Three RSF WRs, L'Damian Washington 6'4" 180, Kerwin Stricker 6'1" 201, and Jaleel Clark 6'5" 215 will begin the spring filling out the 3rd-string WR core. Each of these three have shown real promise, and each one brings somewhat different physical attributes to the competition at the WR position. Washington is tall and slightly built, but is tough, wiry, and has shown an ability to go get the ball in traffic. He has very good hands, and has displayed a penchant for coming down with acrobatic catches in the end zone or along the sidelines.

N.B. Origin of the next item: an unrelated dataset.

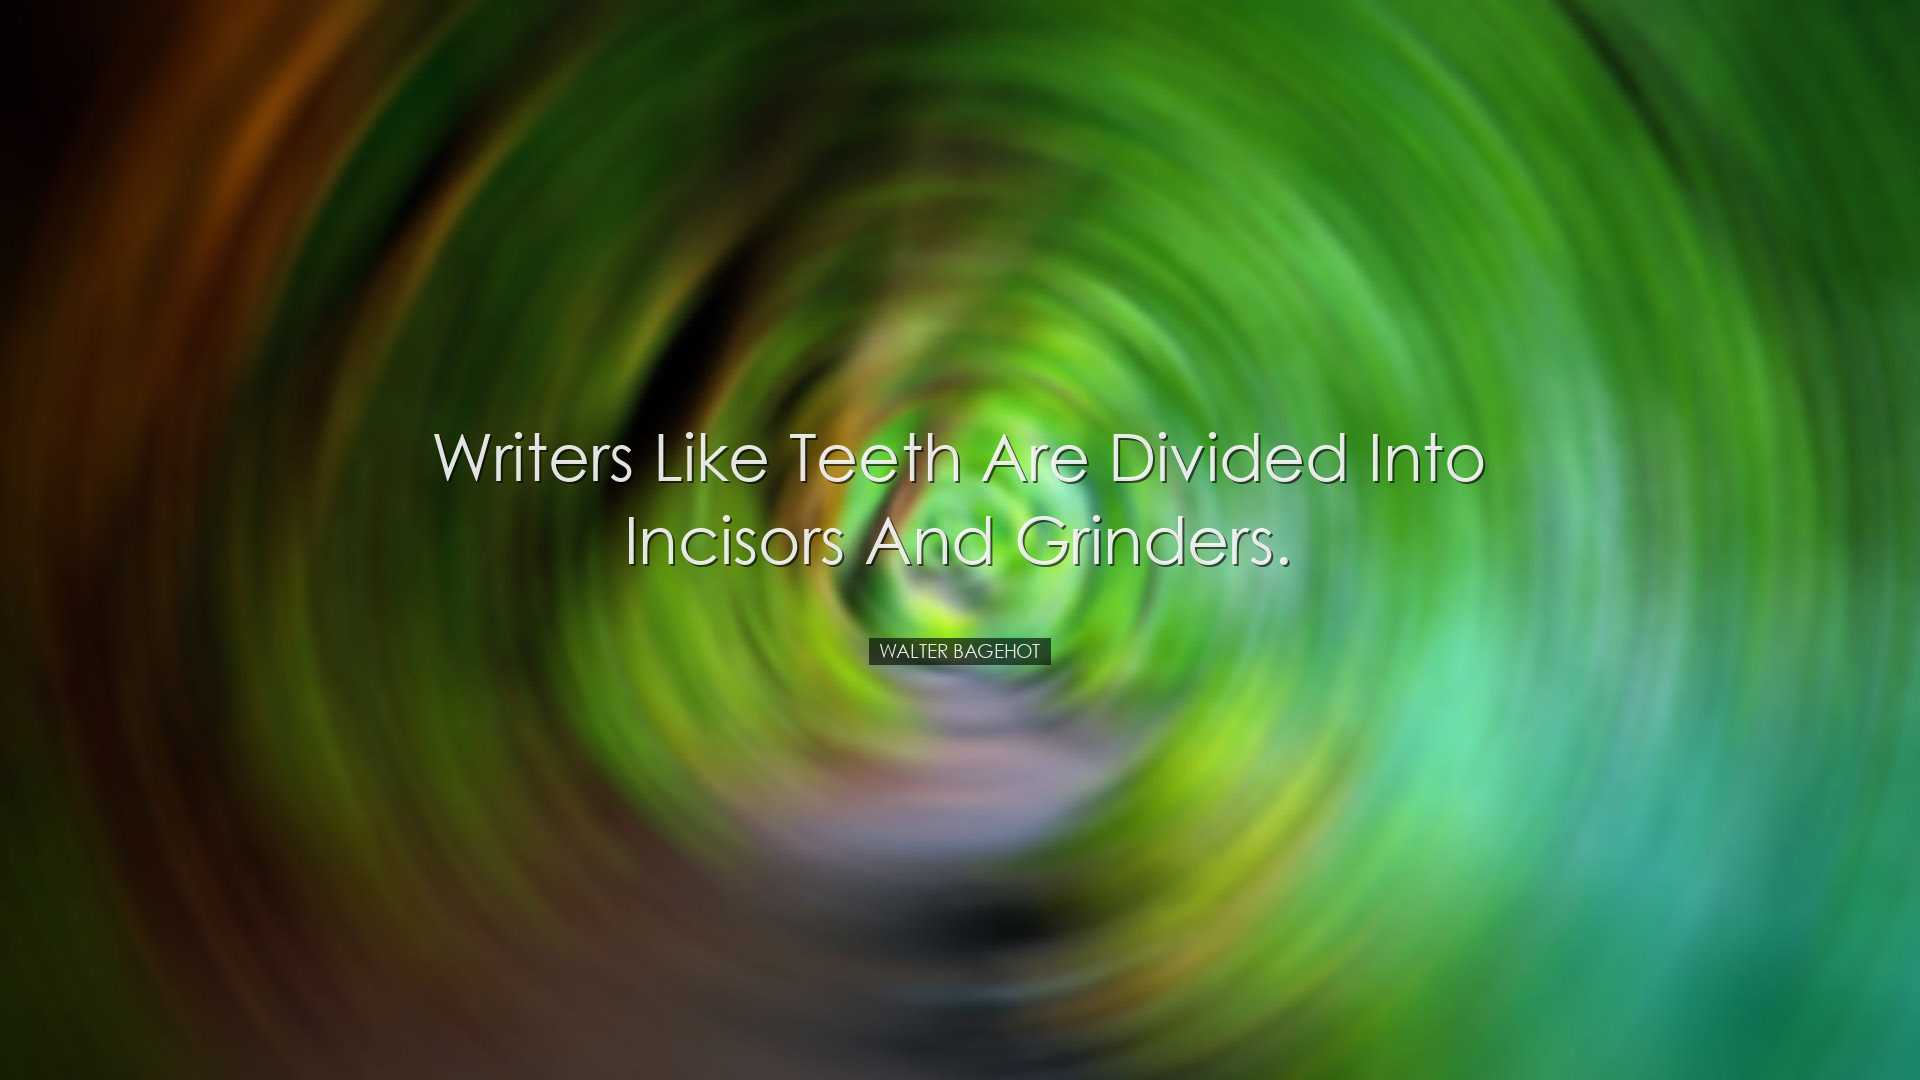 Writers like teeth are divided into incisors and grinders. - Walte

Stricker is powerfully built and extremely fast. He was injured throughout fall camp, and it was only recently that I actually saw him run. Because he missed fall camp, he's only recently begun to work on developing the kind of practice habits he'll need to realize his tremendous potential. Once he becomes consistent catching the football, and learns his position, the ceiling's very high for this speedster.
Clark is a really talented WR as well. He'll fill out even more, and somewhat resembles Egnew or Kemp in physical attributes. He has good hands, and has shown good blocking ability in space. His development at the Z WR position could allow the Tigers to move Egnew or Kemp around.
RSF TE Alex Sanders 6'5" 225 is still not 100% recovered from the knee injury he suffered more than a year ago, but he says that he expects to be near 100% by the beginning of spring ball. He'll likely start out at 3rd-string TE in the spring
As with the QB position behind Blaine Gabbert, I could see quite a bit of re-shuffling of the depth chart at the WR position behind Jackson and Kemp. Any of the returning WRs could earn their way onto the field next season. The TE position appears more set, unless the Tigers decide to move Egnew back to that position. This will be a very interesting competition all throughout spring, and will continue right into the 2010 season.
It appears that the competition will intensify even more in the fall, as the Tigers are poised to bring in some exciting freshmen receiver prospects in June.